* INSTRUCTIONS TO FOLLOW: In the material below, print every line exactly and omit the pictures.

* DATASET EXTRACT:
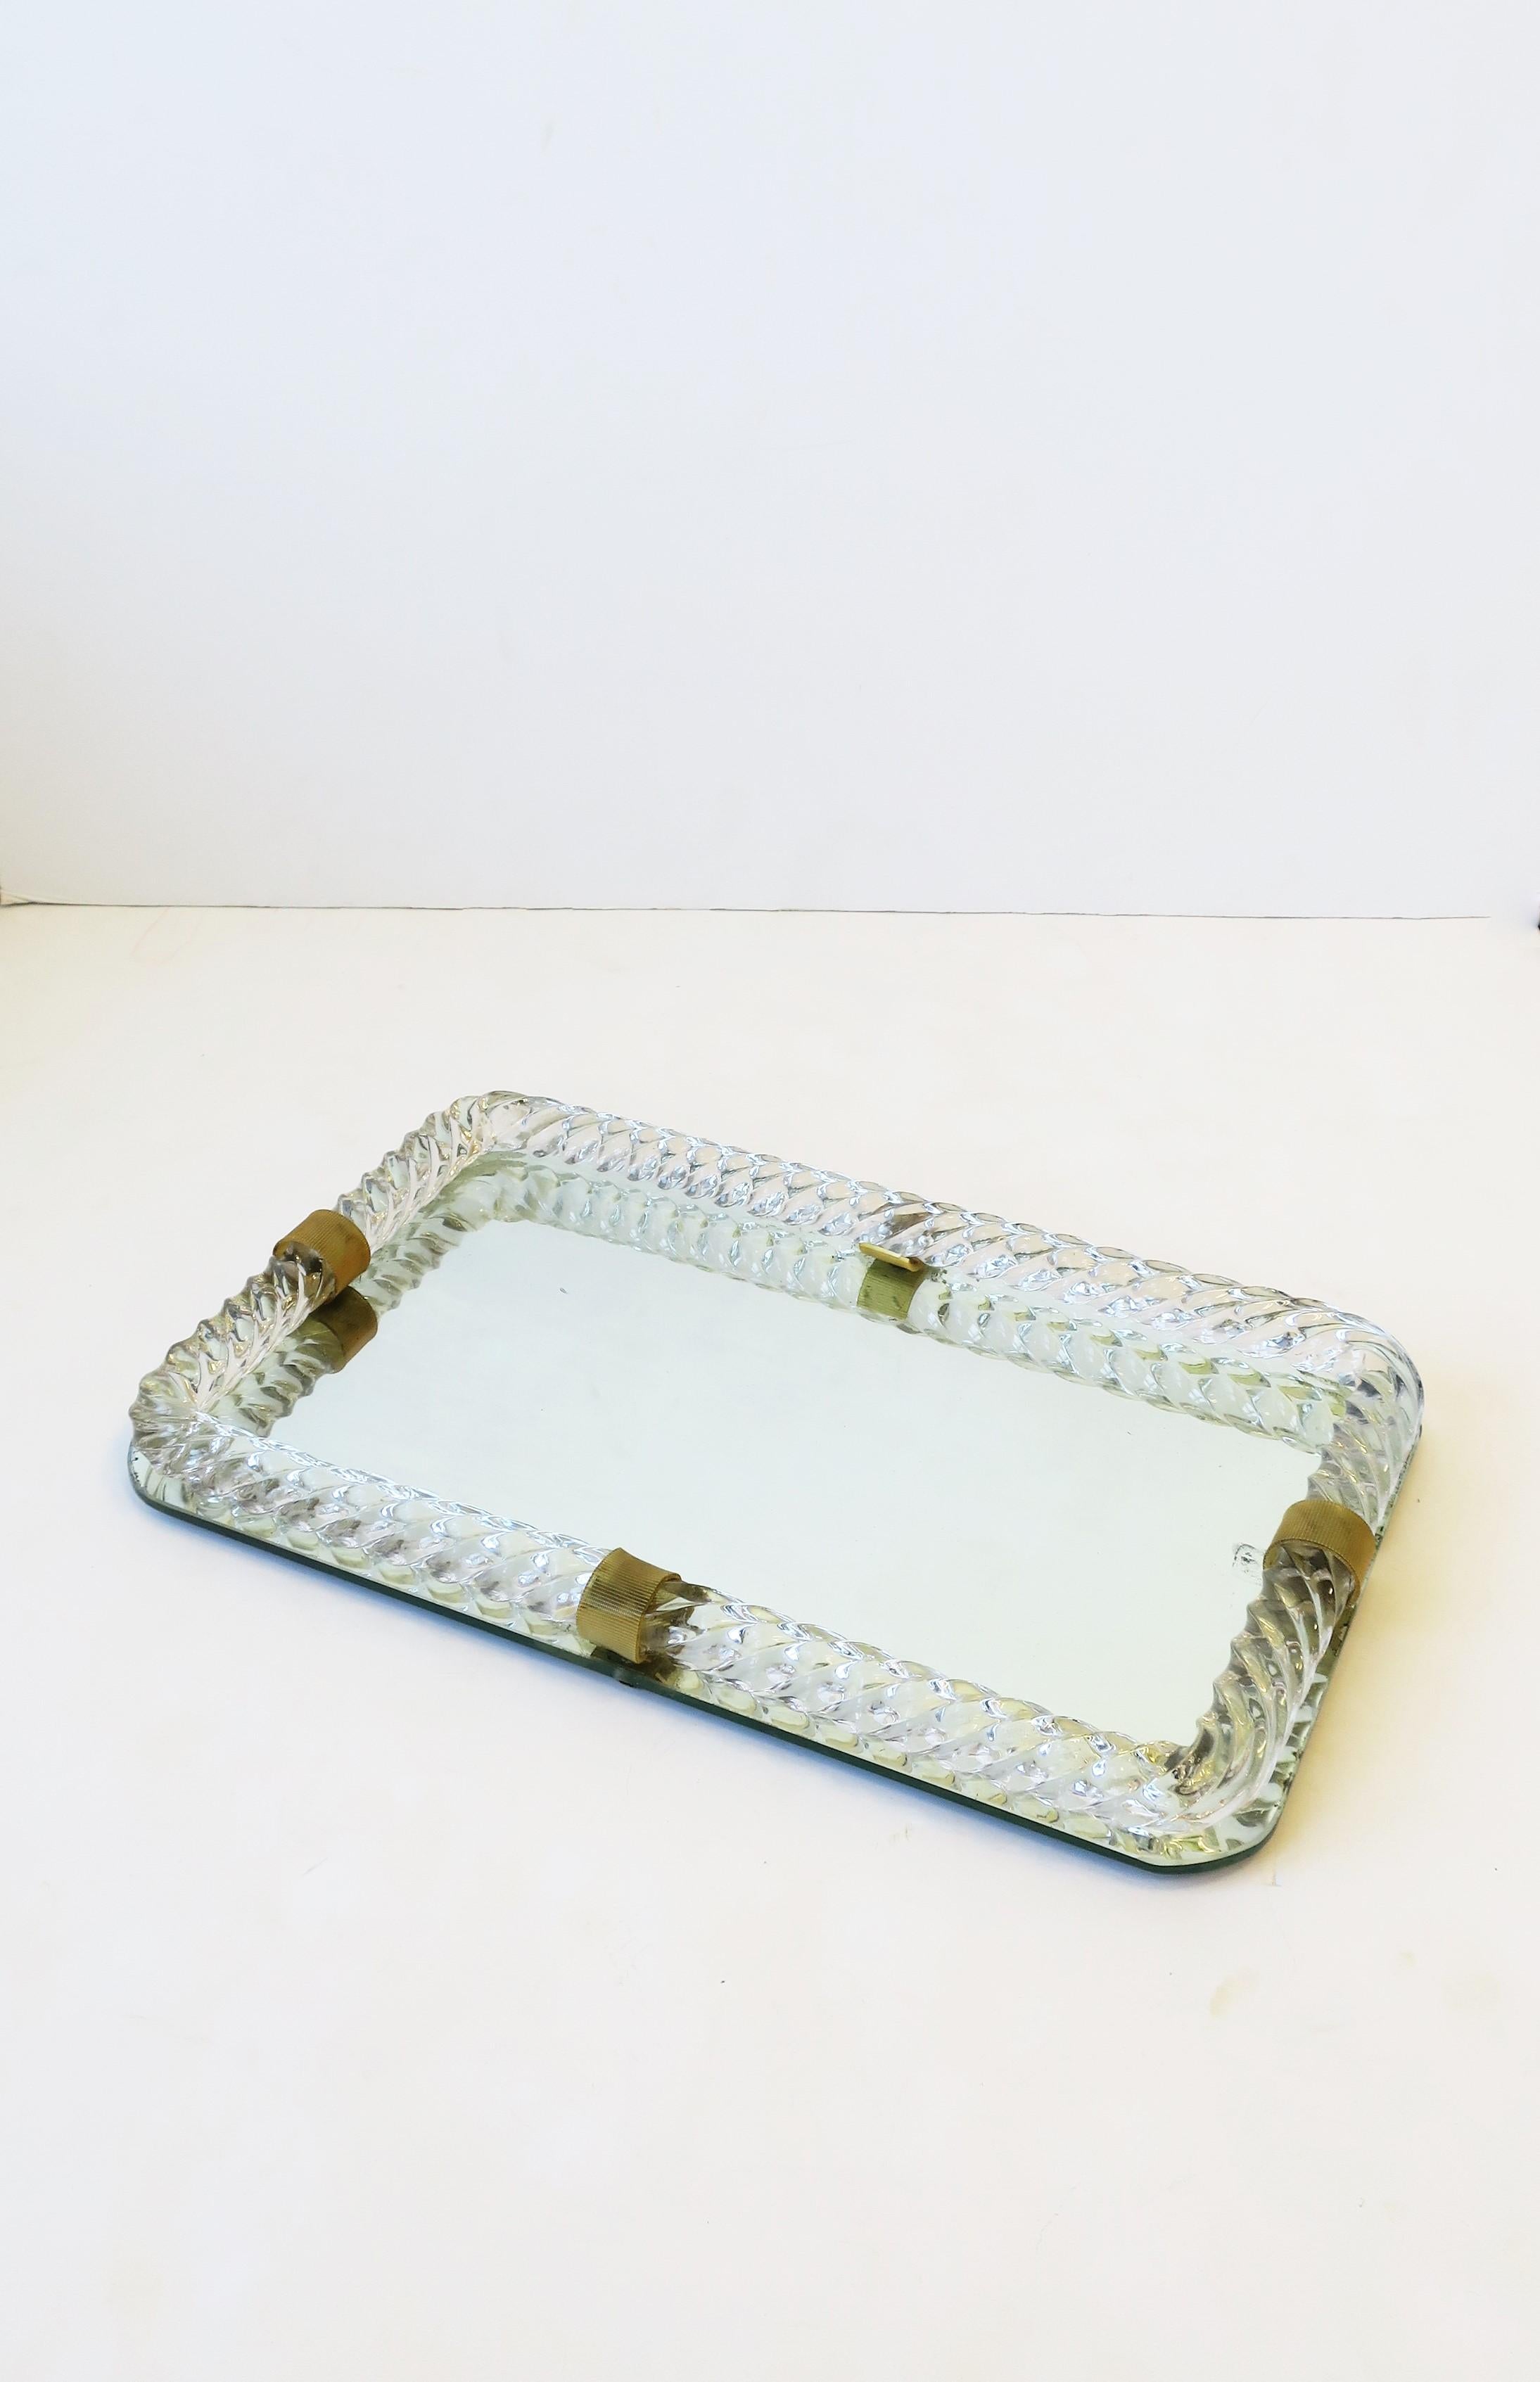 A beautiful Italian Murano art glass and mirror vanity tray, in the style of Venini, circa mid-20th century, Italy. Beautiful and substantial twisted Murano art glass with celluloid loop detailing and mirrored base. A special piece to hold jewelry,
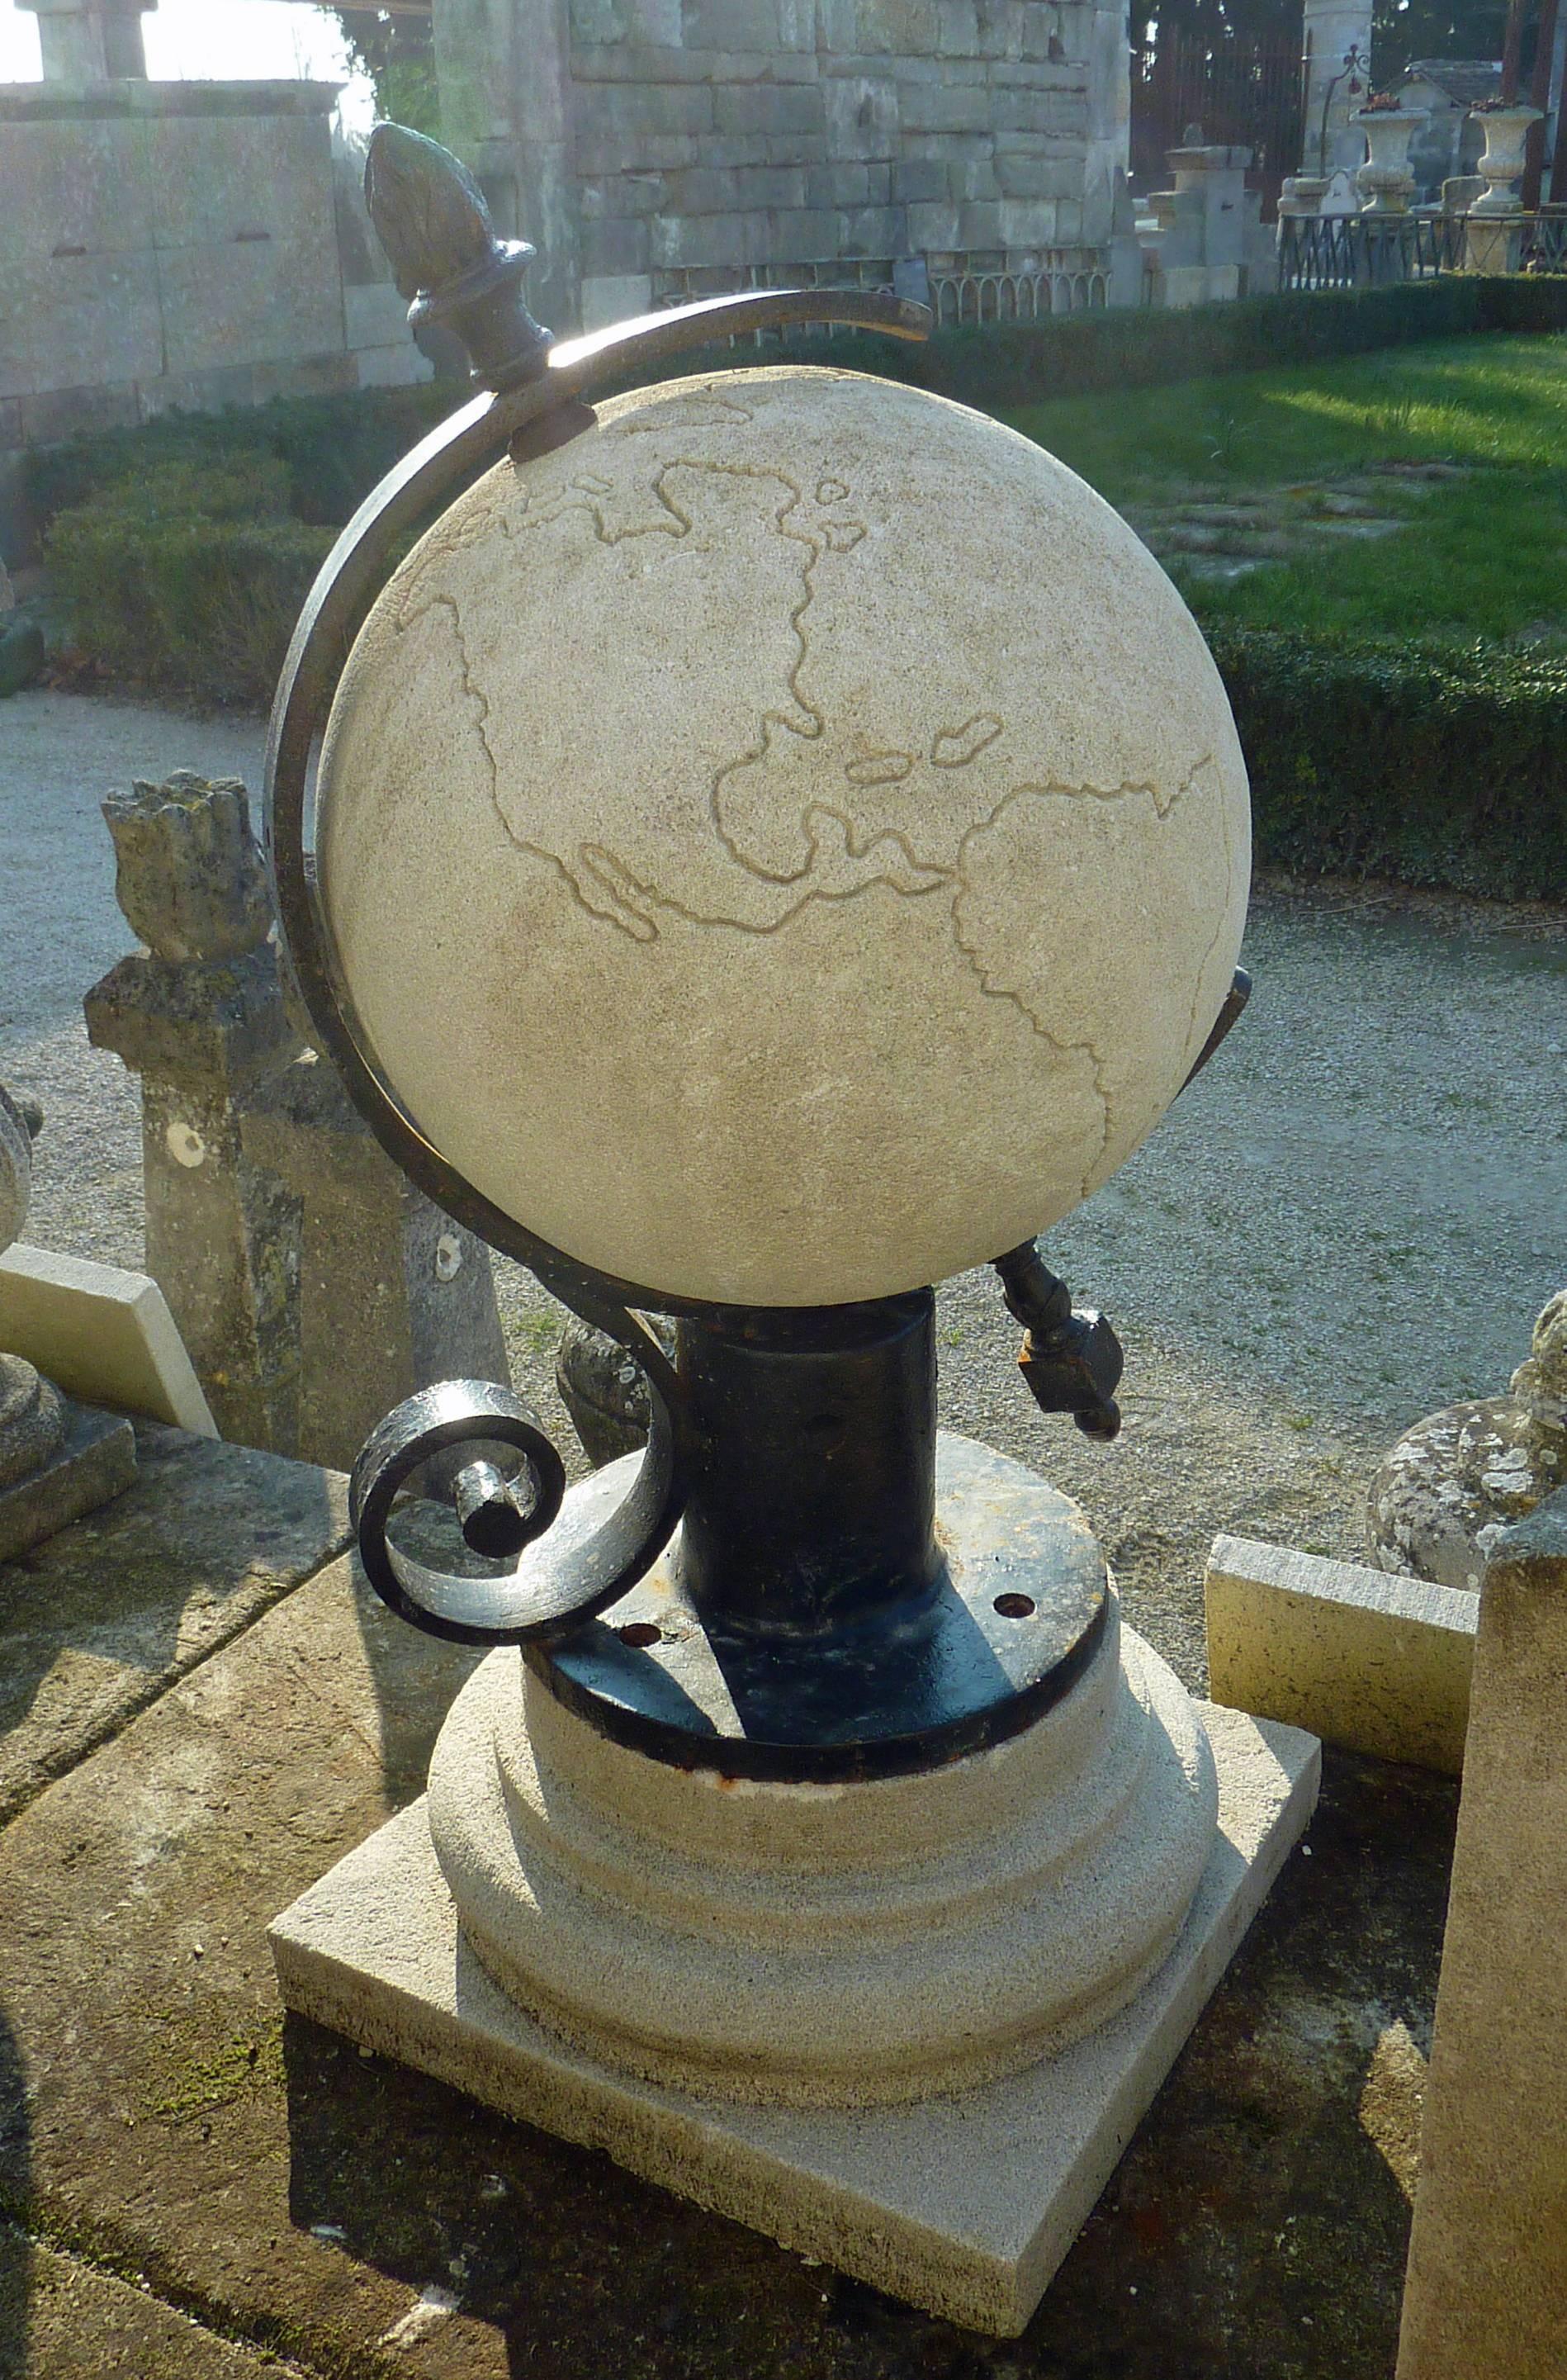 A one of the kind original decorative element, this wonderful terrestrial globe is composed of natural French limestone extracted in Provence, the Estaillades stone, and of wrought iron.

Anchored to a round molded base in stone, this globe with

* RESULT BELOW:
 A beautiful Italian Murano art glass and mirror vanity tray, in the style of Venini, circa mid-20th century, Italy. Beautiful and substantial twisted Murano art glass with celluloid loop detailing and mirrored base. A special piece to hold jewelry,
 A one of the kind original decorative element, this wonderful terrestrial globe is composed of natural French limestone extracted in Provence, the Estaillades stone, and of wrought iron.

Anchored to a round molded base in stone, this globe with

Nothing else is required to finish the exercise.